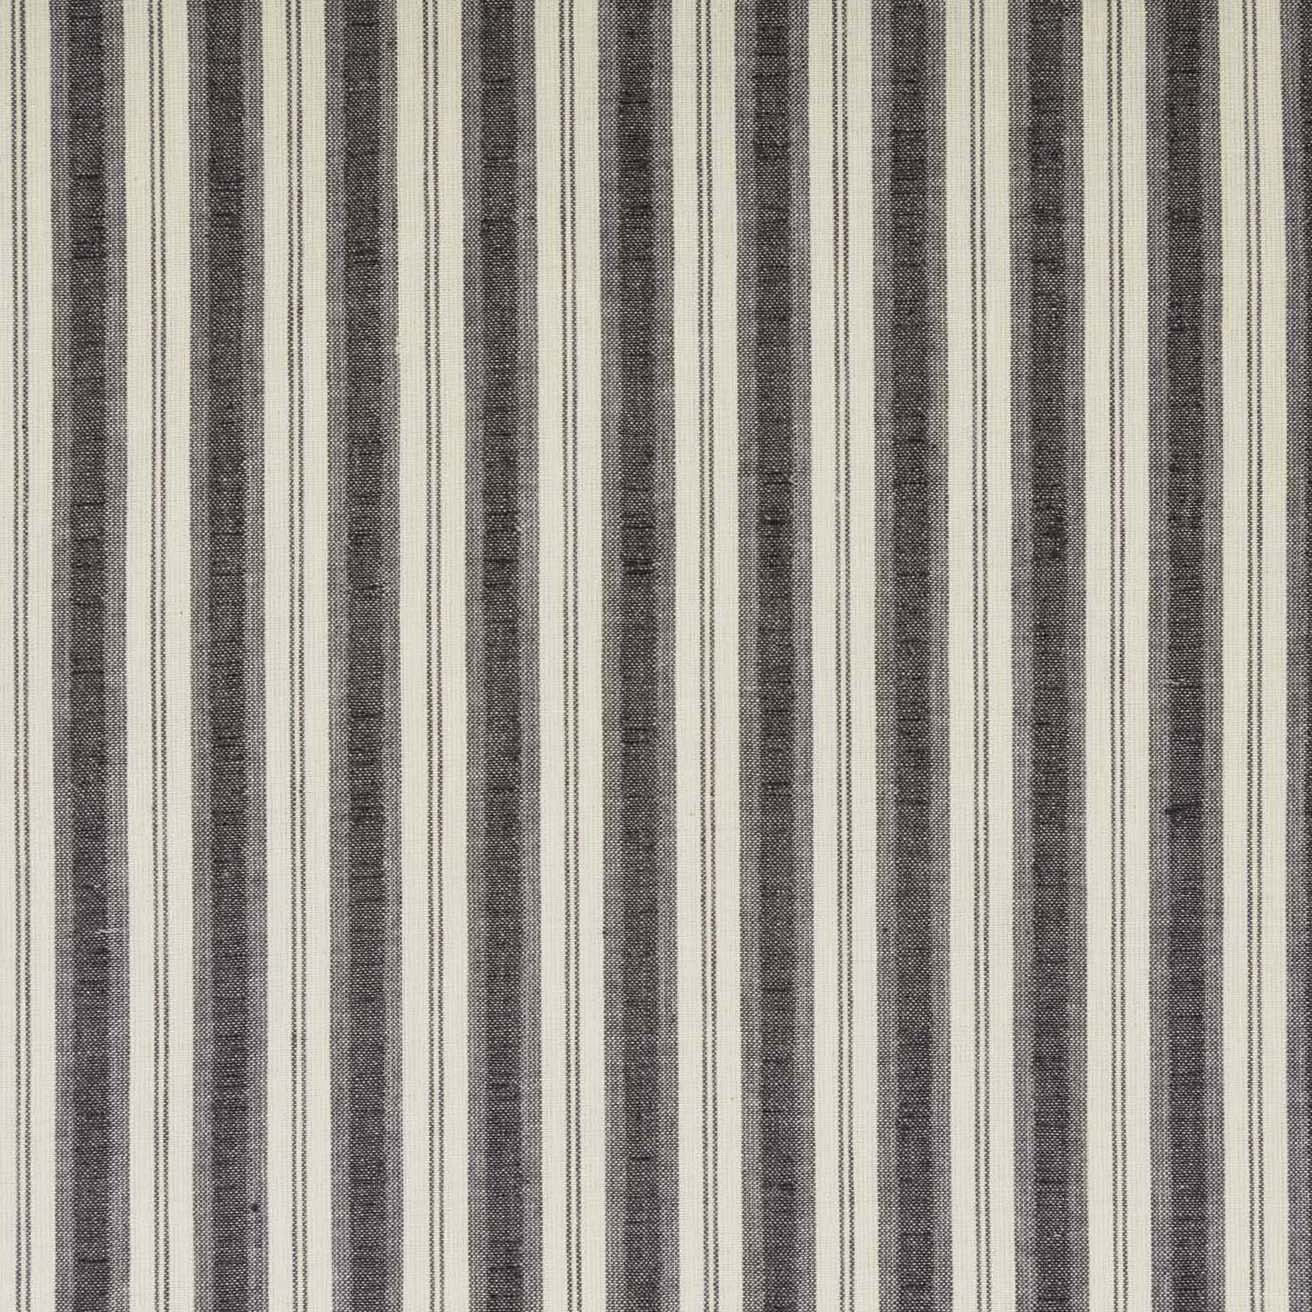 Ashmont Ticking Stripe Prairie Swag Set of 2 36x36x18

════

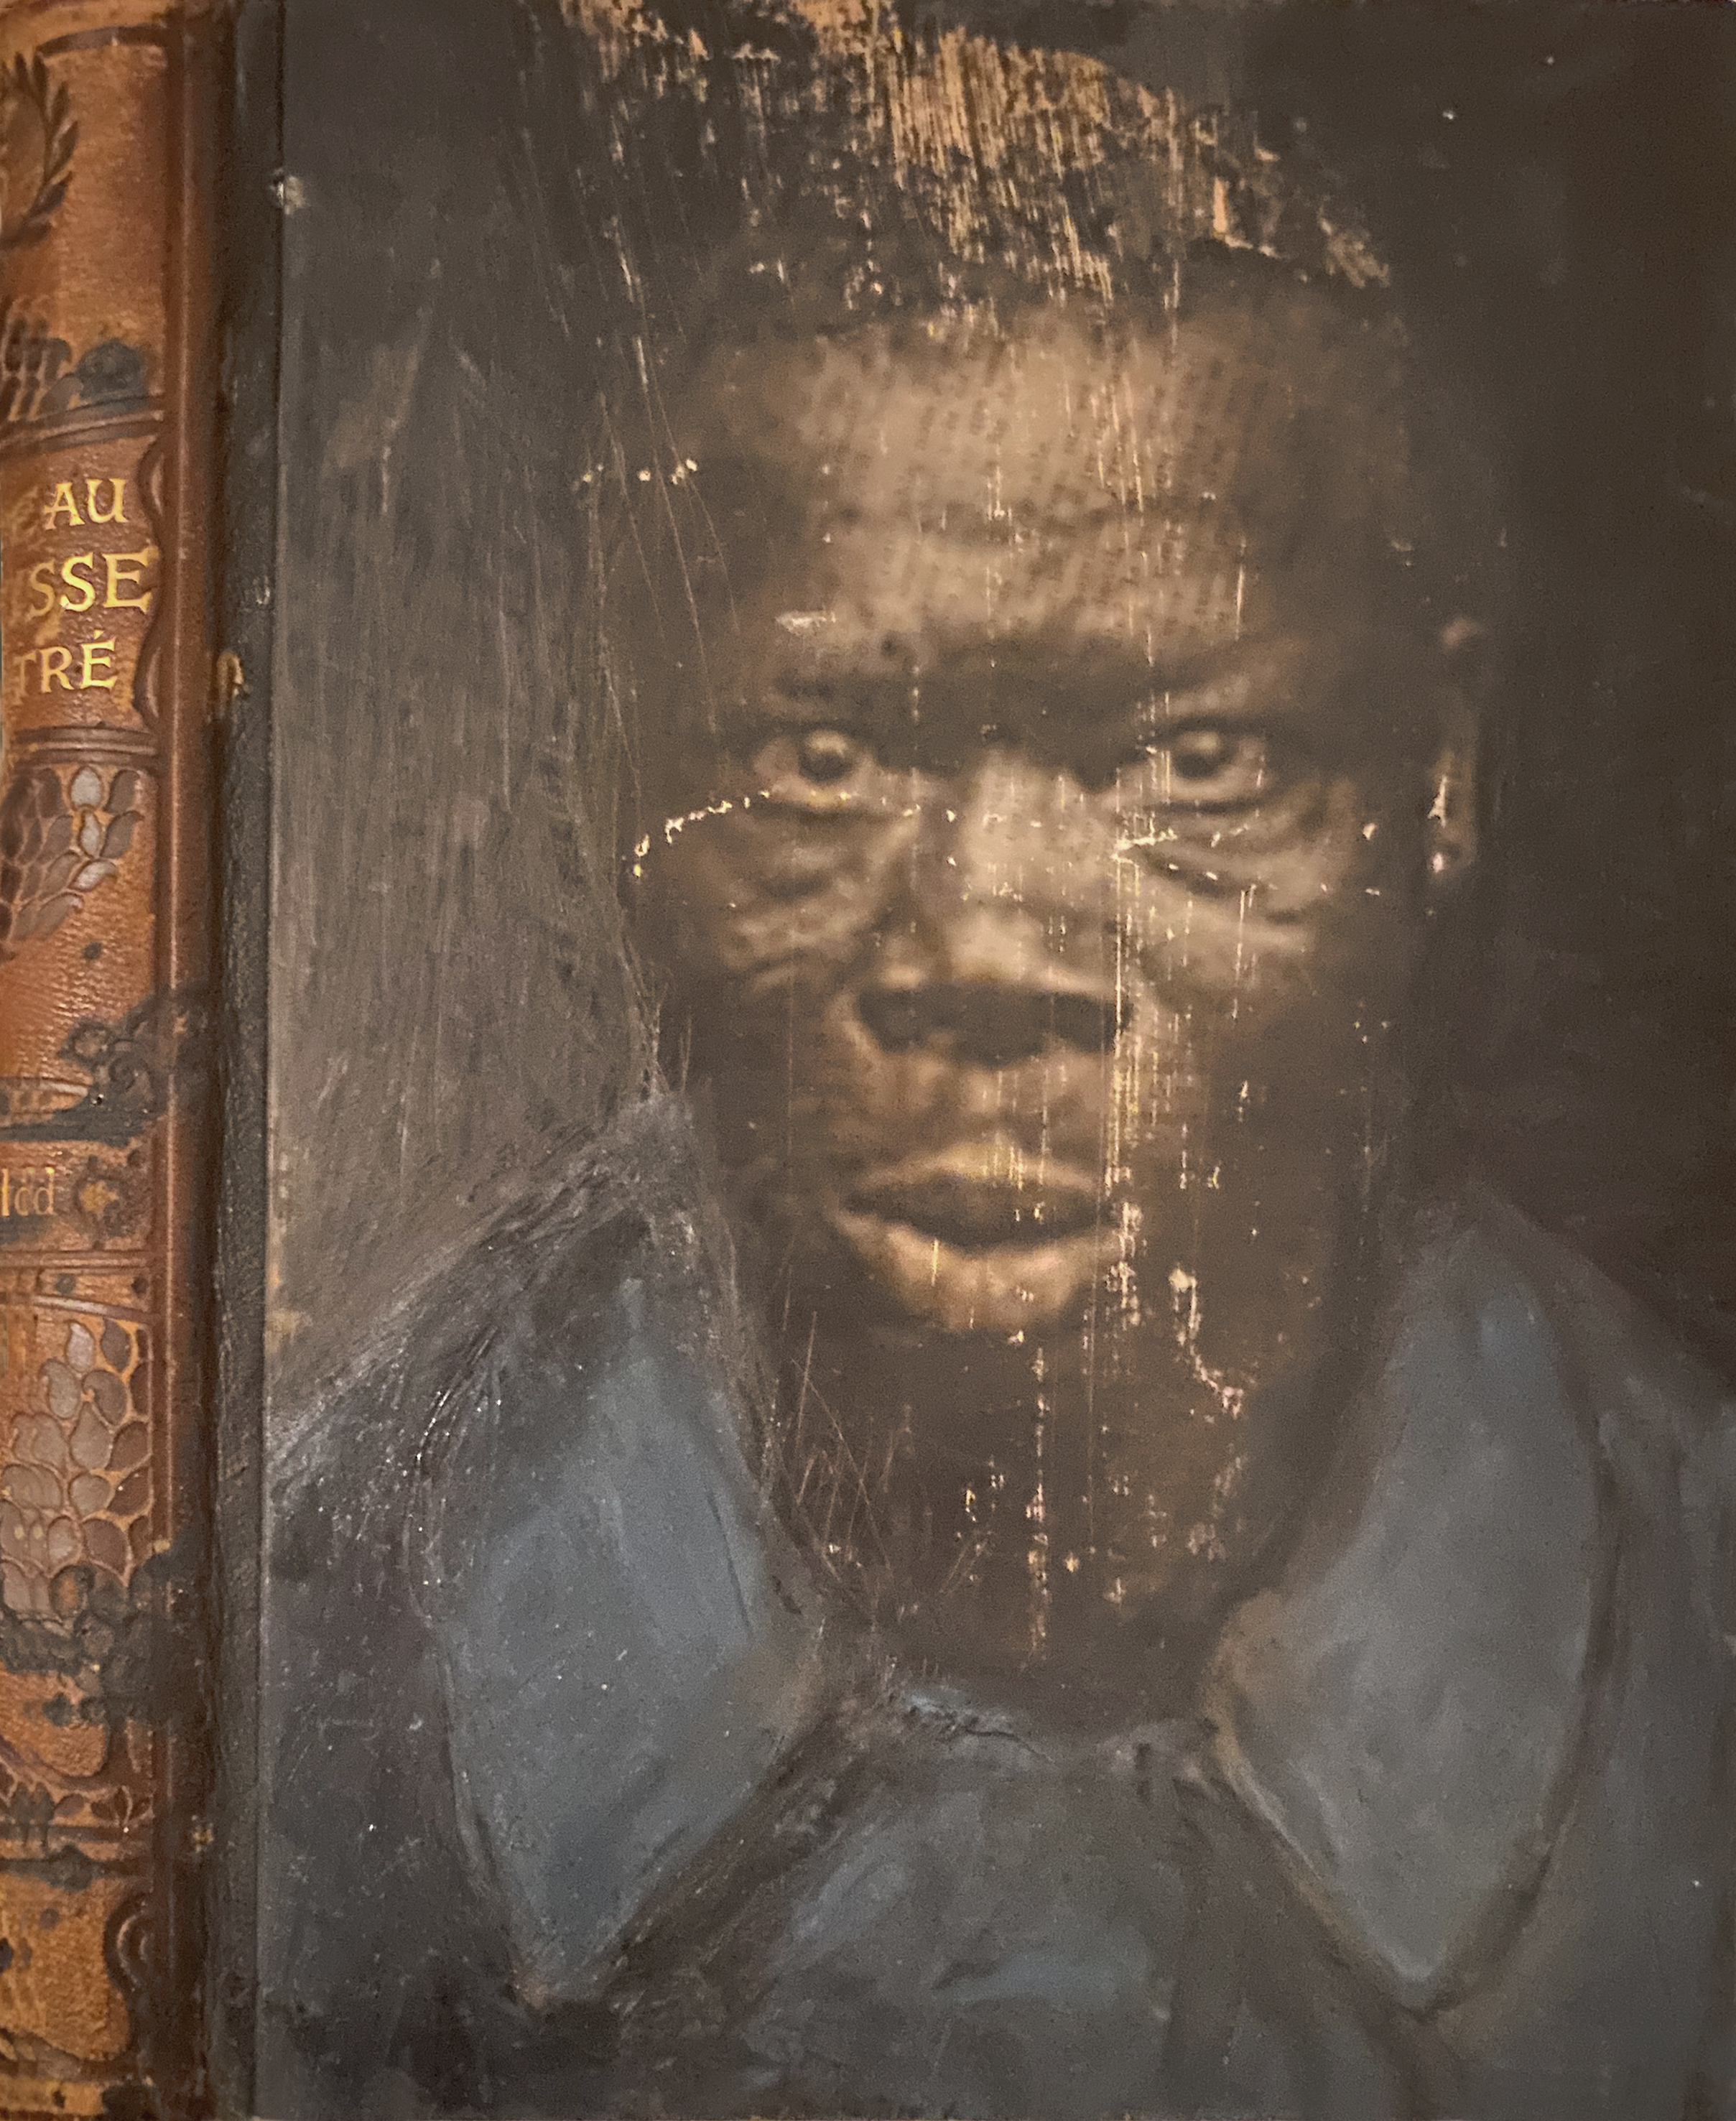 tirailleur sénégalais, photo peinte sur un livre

════

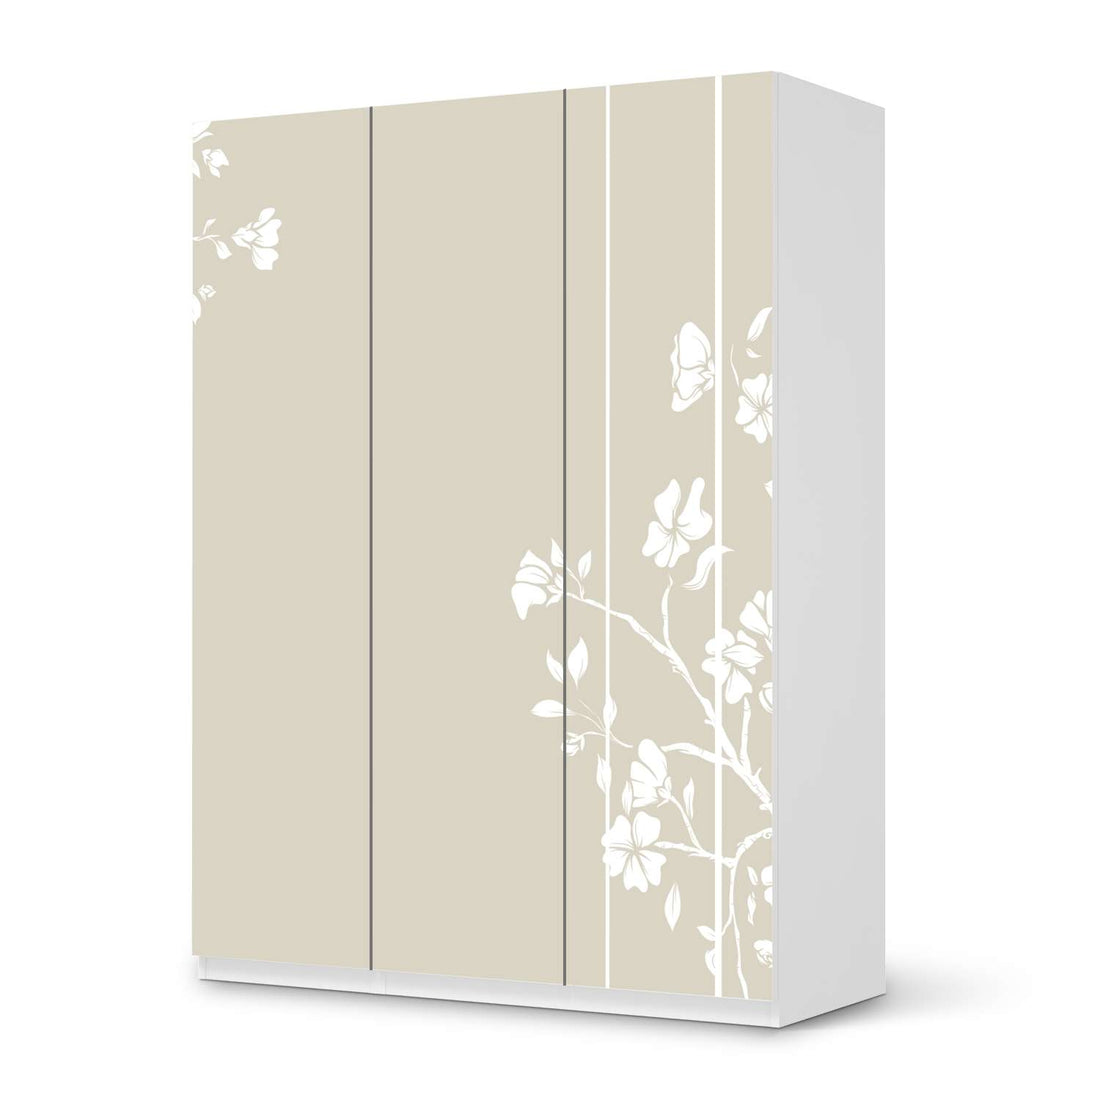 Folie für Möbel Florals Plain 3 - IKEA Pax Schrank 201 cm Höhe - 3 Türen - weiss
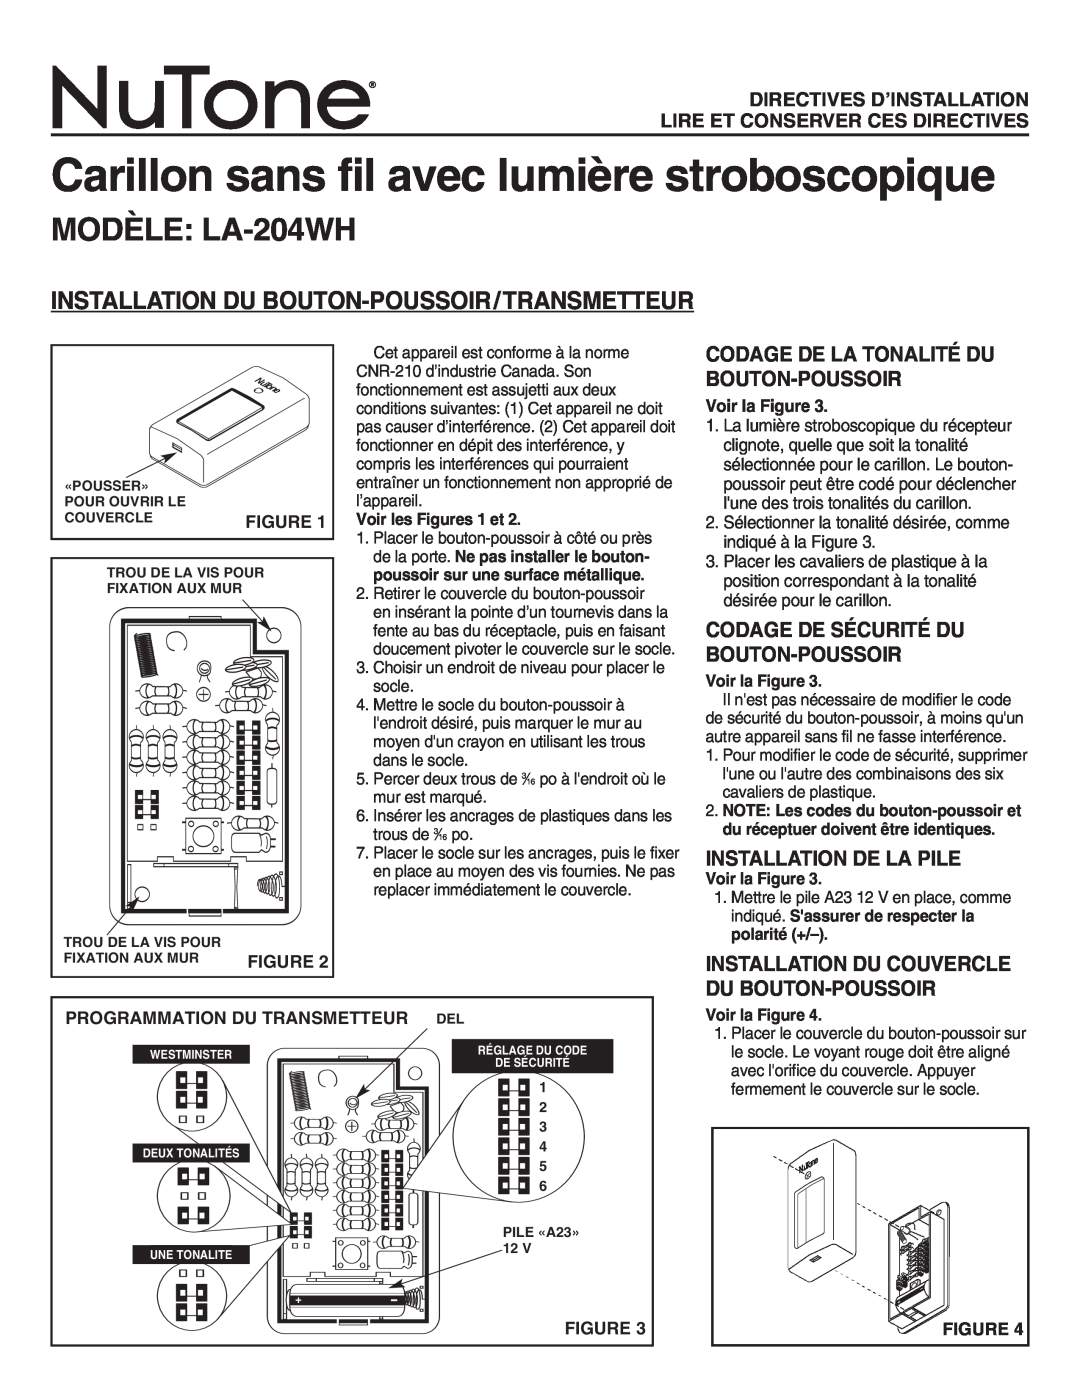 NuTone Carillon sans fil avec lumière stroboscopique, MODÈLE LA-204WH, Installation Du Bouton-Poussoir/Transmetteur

════

_How to complete this task:_
Using the entries above, repeat exactly the lines from the one with "Folie für Möbel" to the one with "NuTone Carillon sans", both included, and leave the pictures behind.

_Response to this exercise:_
 Folie für Möbel Florals Plain 3 - IKEA Pax Schrank 201 cm Höhe - 3 Türen - weiss
 NuTone Carillon sans fil avec lumière stroboscopique, MODÈLE LA-204WH, Installation Du Bouton-Poussoir/Transmetteur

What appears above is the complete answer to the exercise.